Can I specify deployments using Python code rather than CLI?

Yes, that’s possible by using the prefect.deployments.Deployment class.

from flows.healthcheck import healthcheck
from prefect.deployments import Deployment
from prefect.filesystems import S3

deployment = Deployment.build_from_flow(
    flow=healthcheck,
    name="pythonic_s3",
    description="hi!",
    version="v1",
    work_queue_name="dev",
    tags=["myproject"],
    storage=S3.load("dev"),
    infra_overrides=dict(env={"PREFECT_LOGGING_LEVEL": "DEBUG"}), 
    output="your.yaml"
)
if __name__ == "__main__":
    deployment.apply()

Does this Python code still package my custom modules and configuration files?

Yes.

Does this mean that Python code represents the source of truth of how my deployment look like?

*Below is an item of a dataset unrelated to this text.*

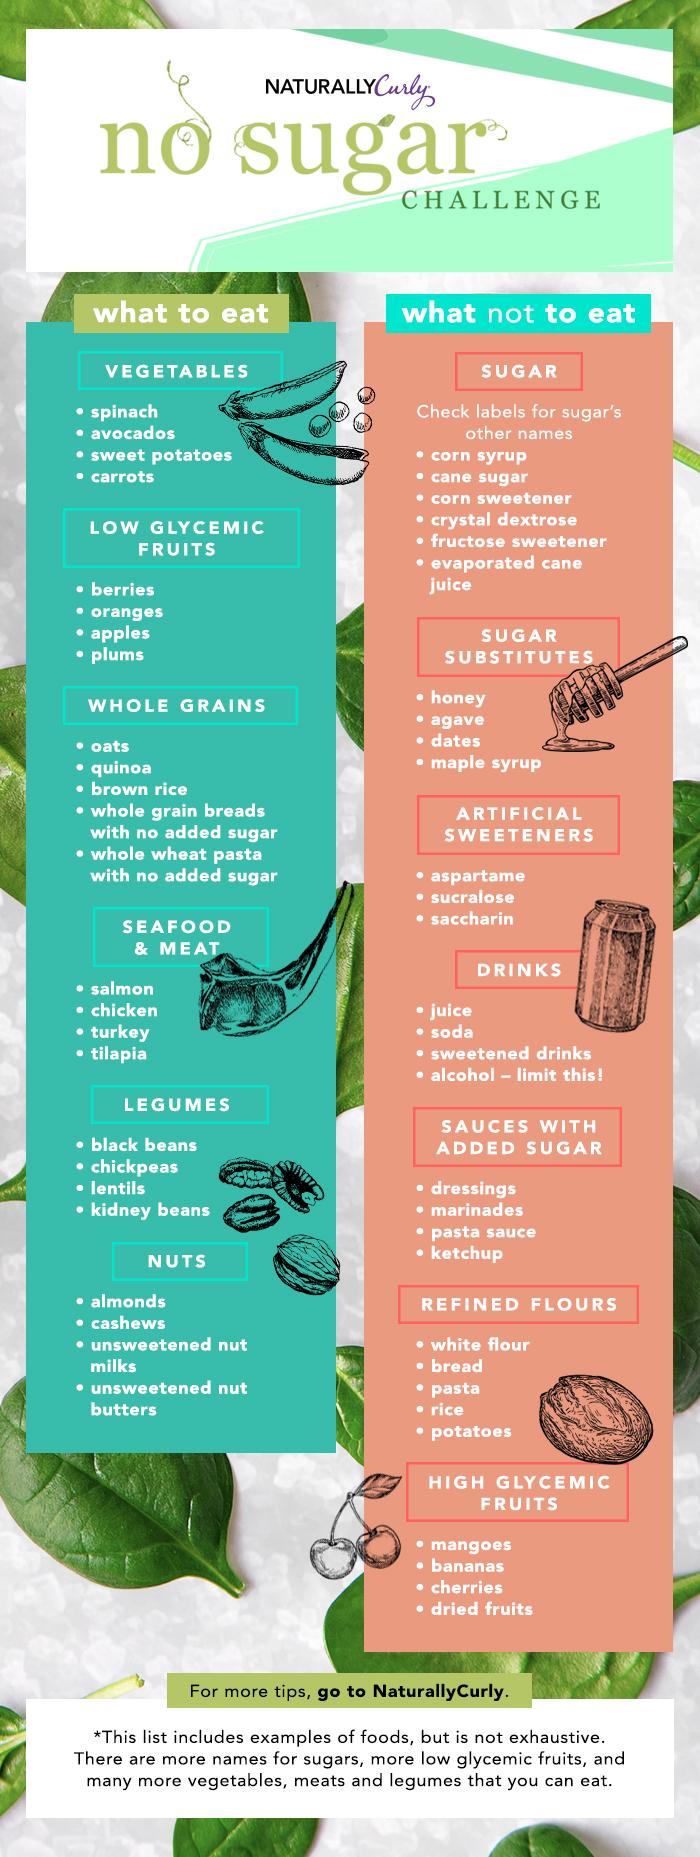 what to eat no sugar challenge

No. This is just one method to send deployment information to the backend. The API still remains the single source of truth and unless you would always trigger deployments from CI/CD triggered from this Python code, this could get out of sync. Think of both CLI and Python as convenience methods to properly construct the payload for an API call that will eventually create or modify a deployment.

Are there any limitations to that Python Deployment UX?

Very few, but there are some limitations of that approach:

  • it’s bit more difficult to integrate with CI/CD - you can’t easily pass your Git commit via CLI (unless you add argparse on top and effectively transform this Python process into a CLI process for invocation)

  • you have to write and maintain extra code which could be avoided when using CLI

  • it may not be immediately clear which files get packaged alongside your flow code (think of import paths) depending on directory from which you execute that Python script

    • in CLI approach, you specify the path explicitly or as an absolute path in relation to the root directory which separates between path (your root project directory), and the entrypoint (e.g. flow.py:flow_func), while the Python UX combines this information within the entrypoint and keeps the path argument as None
  • many parts of the Deployment object that need to be sent to the API can be abstracted away if you package that e.g. into a function; this allows possibly more convenience at the cost of hiding away some information and making it less explicit — as always, consider the tradeoffs and choose based on your use case.